Robert Morin est l'un de nos plus grands cinéastes. Qu'il s'attaque à des projets expérimentaux (Yes Sir! Madame..., Quiconque meurt, meurt à douleur) ou plus accessibles (Requiem pour un beau sans-coeur, Le Nèg'), les résultats ne manquent pas de marquer le septième art québécois. La présente décennie n'est toutefois pas la plus inspirante pour lui et après son très inégal Un paradis pour tous, voilà qu'il reprend du poil de la bête avec Le problème d'infiltration.
Ce qui saute aux yeux dans ce nouveau long métrage est la virtuosité de sa réalisation. Le film est constitué d'une demi-douzaine de plans-séquences qui sont reliés entre eux par d'ingénieux faux raccords. Eh oui, comme dans Birdman. Cet exercice de haute voltige où la luminosité, les lieux et les effets spéciaux semblent évoluer directement à l'écran - l'effet King Dave - sert à emprisonner le héros dans le temps. Il est aspiré par un étourdissant vortex de bruits où l'air vient à manquer pour le cinéphile. Un brillant et oppressant travail de mise en scène qui ne tarde cependant pas à verser dans l'esbroufe.
La technique est pourtant en parfaite concordance avec son sujet. L'existence idéale d'un chirurgien (Christian Bégin) vole en éclat au cours d'une journée particulièrement chargée en émotions fortes. Cette perte de repères au niveau personnel et professionnel lève le voile sur des malaises qui gangrènent de plus en plus l'individu et le monde dans lequel il vit. Cela amène des scènes ambiguës, révélatrices (la pièce hip-hop) et parfois plus corrosives, alors que le réel se bute aisément aux rêves et aux fantasmes. Dommage que la démonstration ne demeure pas plus nuancée. Les sujets sont trop souvent abordés de façon lourde et frontale, à l'effigie de cette fissure littérale et métaphorique qui donne le titre au récit.
Dans son premier rôle principal au cinéma (enfin!), Christian Bégin offre une superbe prestation. L'acteur investit cet être pas toujours rassurant de sa présence charismatique, apportant un parler caractéristique à ces dialogues souvent humoristiques qui sont plongés dans le vitriol. Il se permet même un clin d'oeil méta à sa populaire émission de télévision Curieux Bégin. Si seulement l'habile exercice de style ne prenait pas toute la place. Afin de soutenir ces longs plans de huit ou neuf minutes, cela implique de nombreuses chorégraphies qui finissent par chasser le naturel, enlevant du coup une crédibilité à la plupart des individus qui apparaissent à l'écran.
C'est d'autant plus dommage parce que le personnage principal est une fascinante figure allégorique qui rappelle les vieux monstres de l'expressionnisme allemand ou encore celui dans Shining.

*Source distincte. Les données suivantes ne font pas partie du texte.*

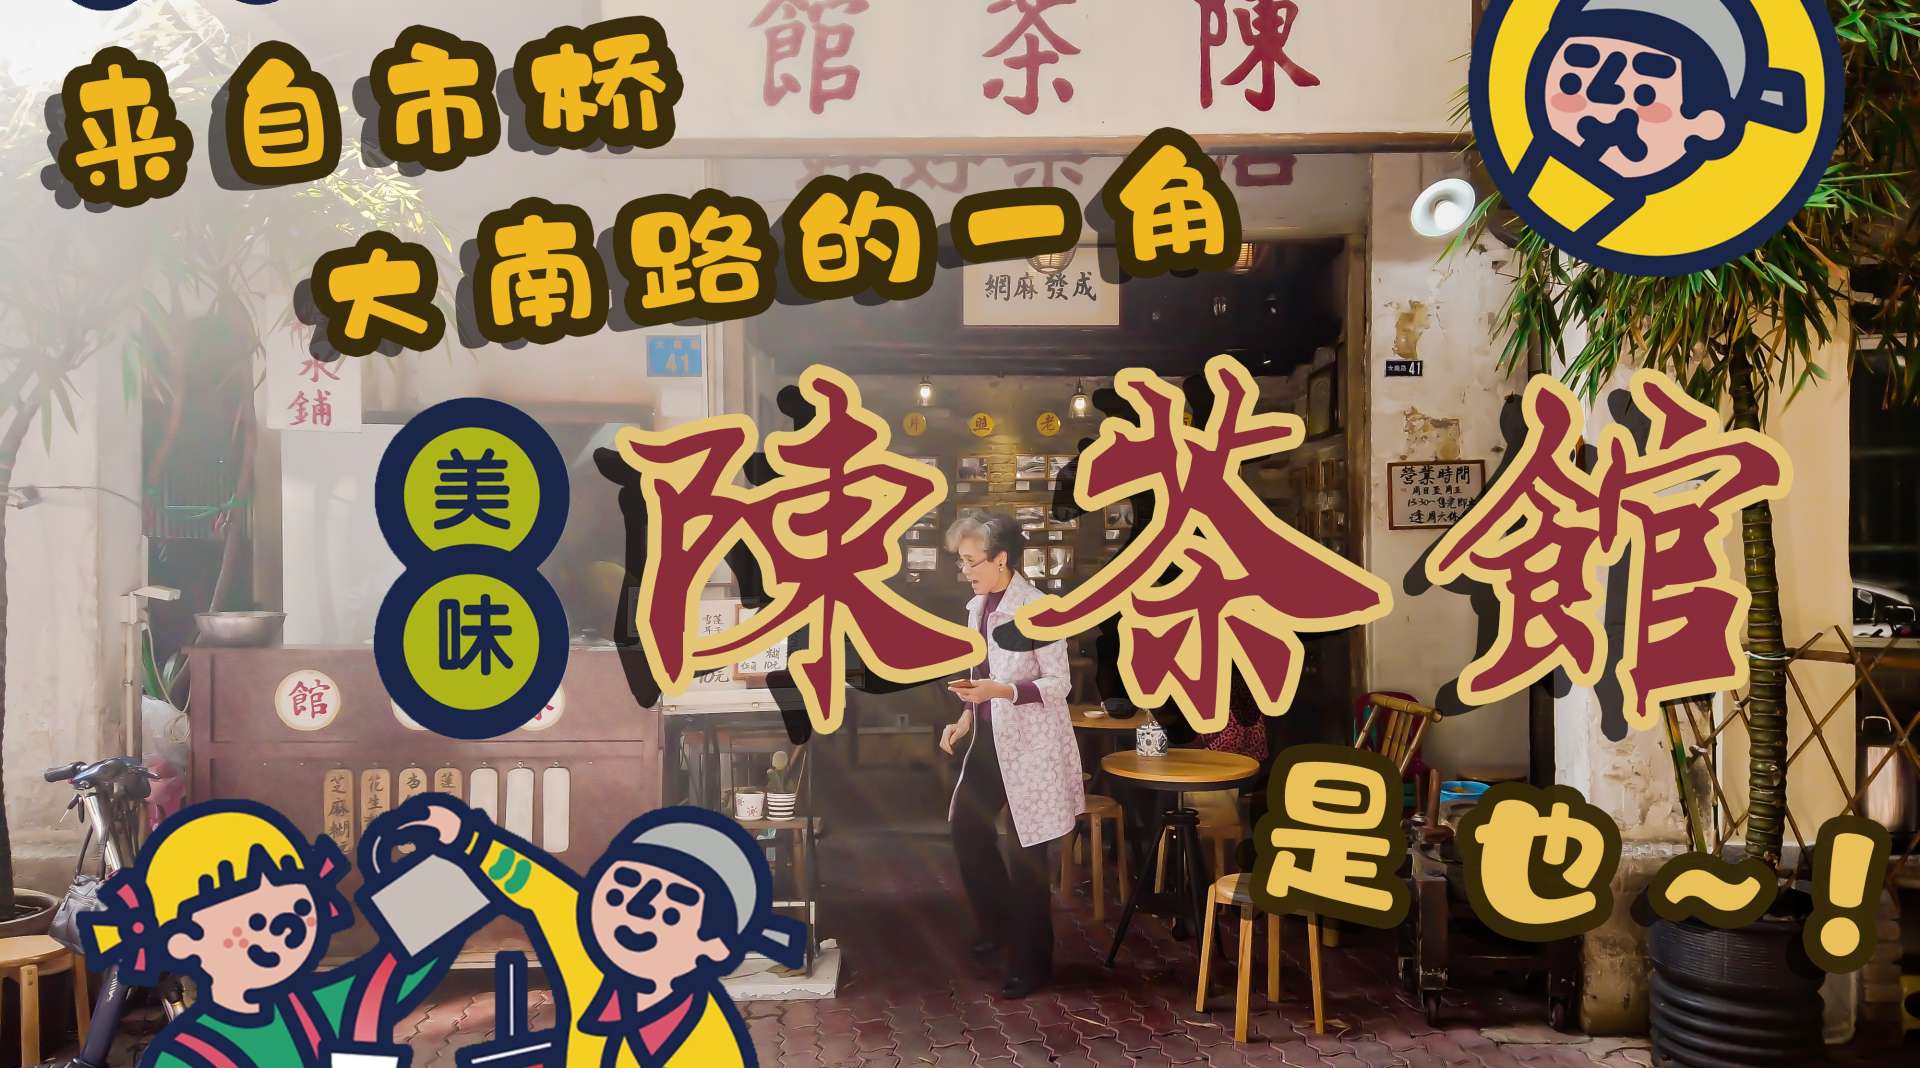 陈茶馆Vlog丨 隐藏在旧城区一角的糖水店
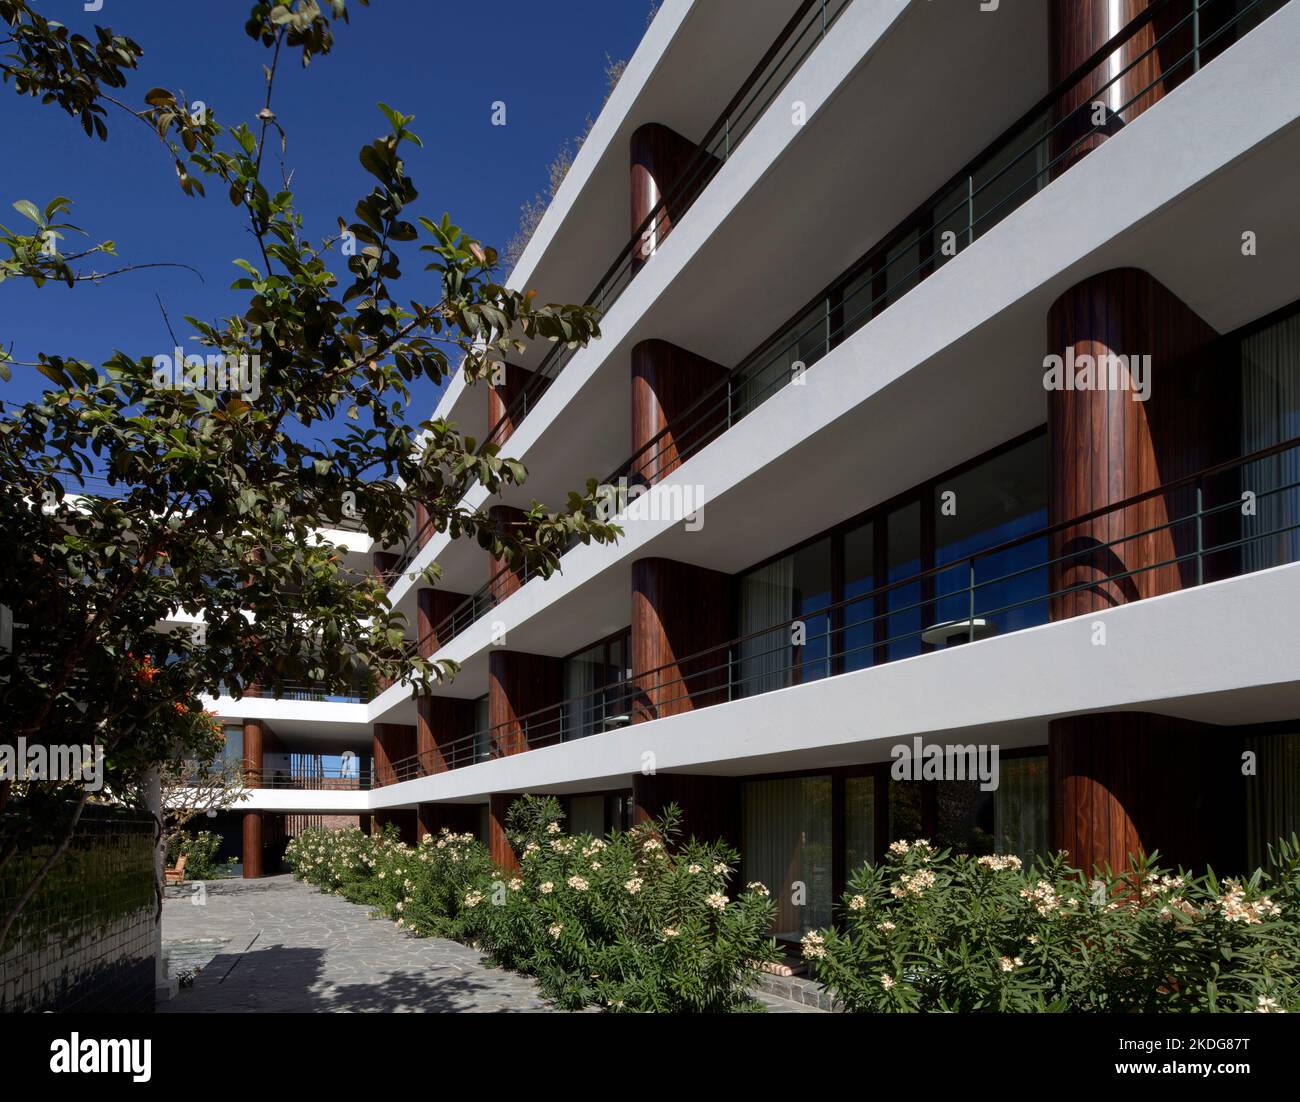 Vue latérale de l'élévation globale. Hotel Baja Club, la Paz, Mexique. Architecte: Max von Werz Architects, 2021. Banque D'Images

Une entité aussi narcissique que son époque qui se cache derrière son statut social, son hypocrisie et son semblant de belles valeurs. Ce type d'antihéros est toutefois la norme chez Morin qui passe son temps à présenter des protagonistes attachants qui finissent par trahir la confiance du spectateur. Il l'a fait brillamment sur Papa à la chasse aux lagopèdes et Journal d'un coopérant. Une formule qui finit par s'avérer un peu prévisible.
À 68 ans, Robert Morin n'a plus rien à prouver à personne et il peut tout se permettre. Dans Le problème d'infiltration, le réalisateur privilégie un fabuleux travail de mise en scène qui finit par peser à la fois sur son scénario pas toujours subtil et sur les épaules de l'excellent Christian Bégin. Malgré le brio en place, on a bien hâte de le voir revenir à un cinéma plus personnel comme Petit Pow! Pow! Noël.